## Your task
Repeat the records exactly as given. Do not include the pictures.

## Study material
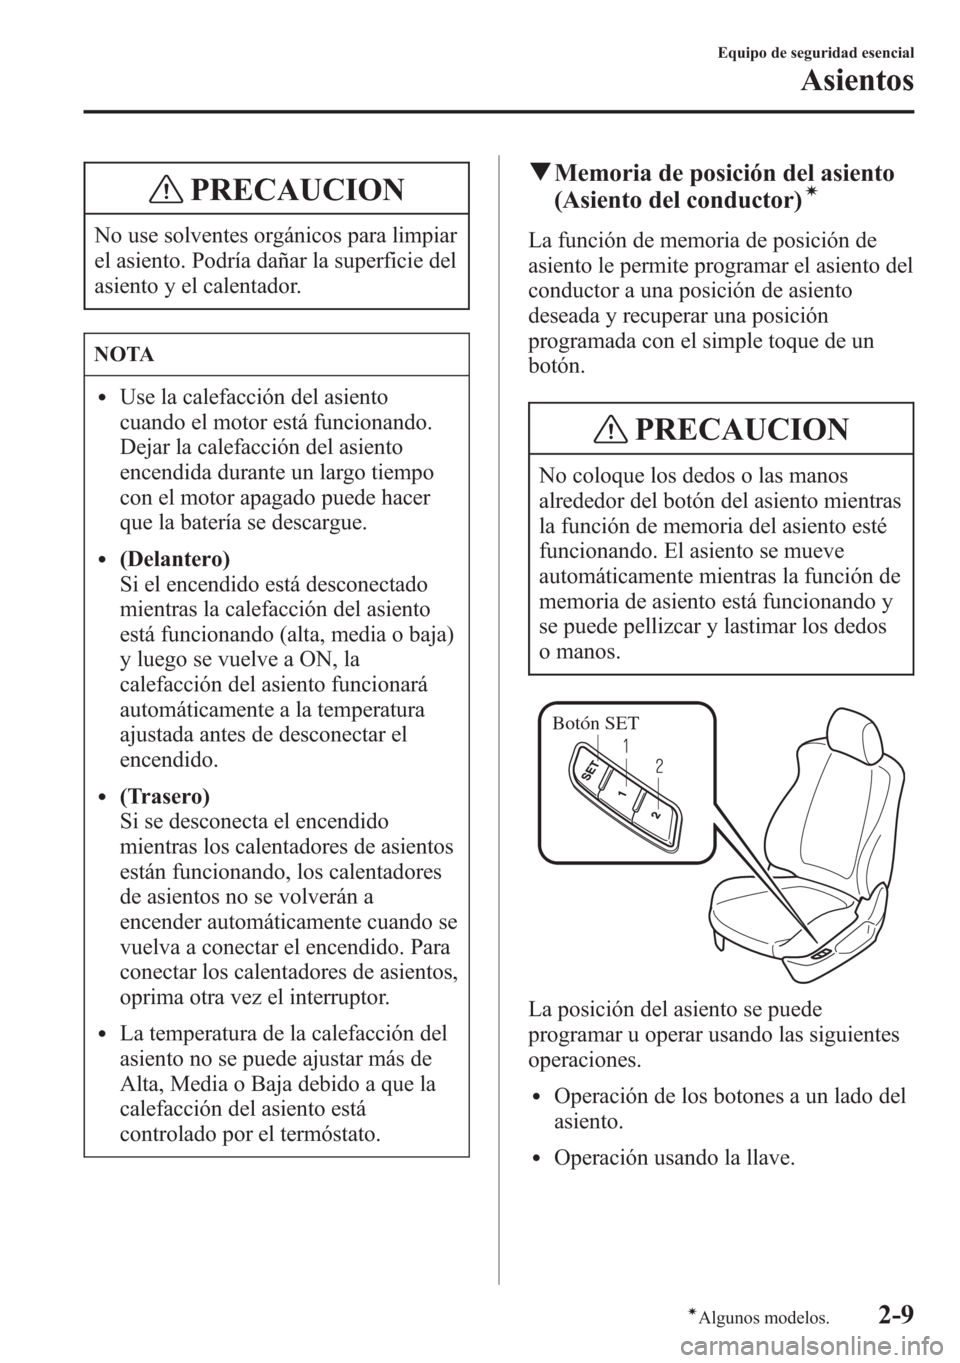 MAZDA MODEL 6 2015  Manual del propietario (in Spanish) PRECAUCION
No use solventes orgánicos para limpiar
el asiento. Podría dañar la superficie del
asiento y el calentador.
NOTA
lUse la calefacción del asiento
cuando el motor está funcionando.
Dejar

## Exercise solution
 MAZDA MODEL 6 2015  Manual del propietario (in Spanish) PRECAUCION
No use solventes orgánicos para limpiar
el asiento. Podría dañar la superficie del
asiento y el calentador.
NOTA
lUse la calefacción del asiento
cuando el motor está funcionando.
Dejar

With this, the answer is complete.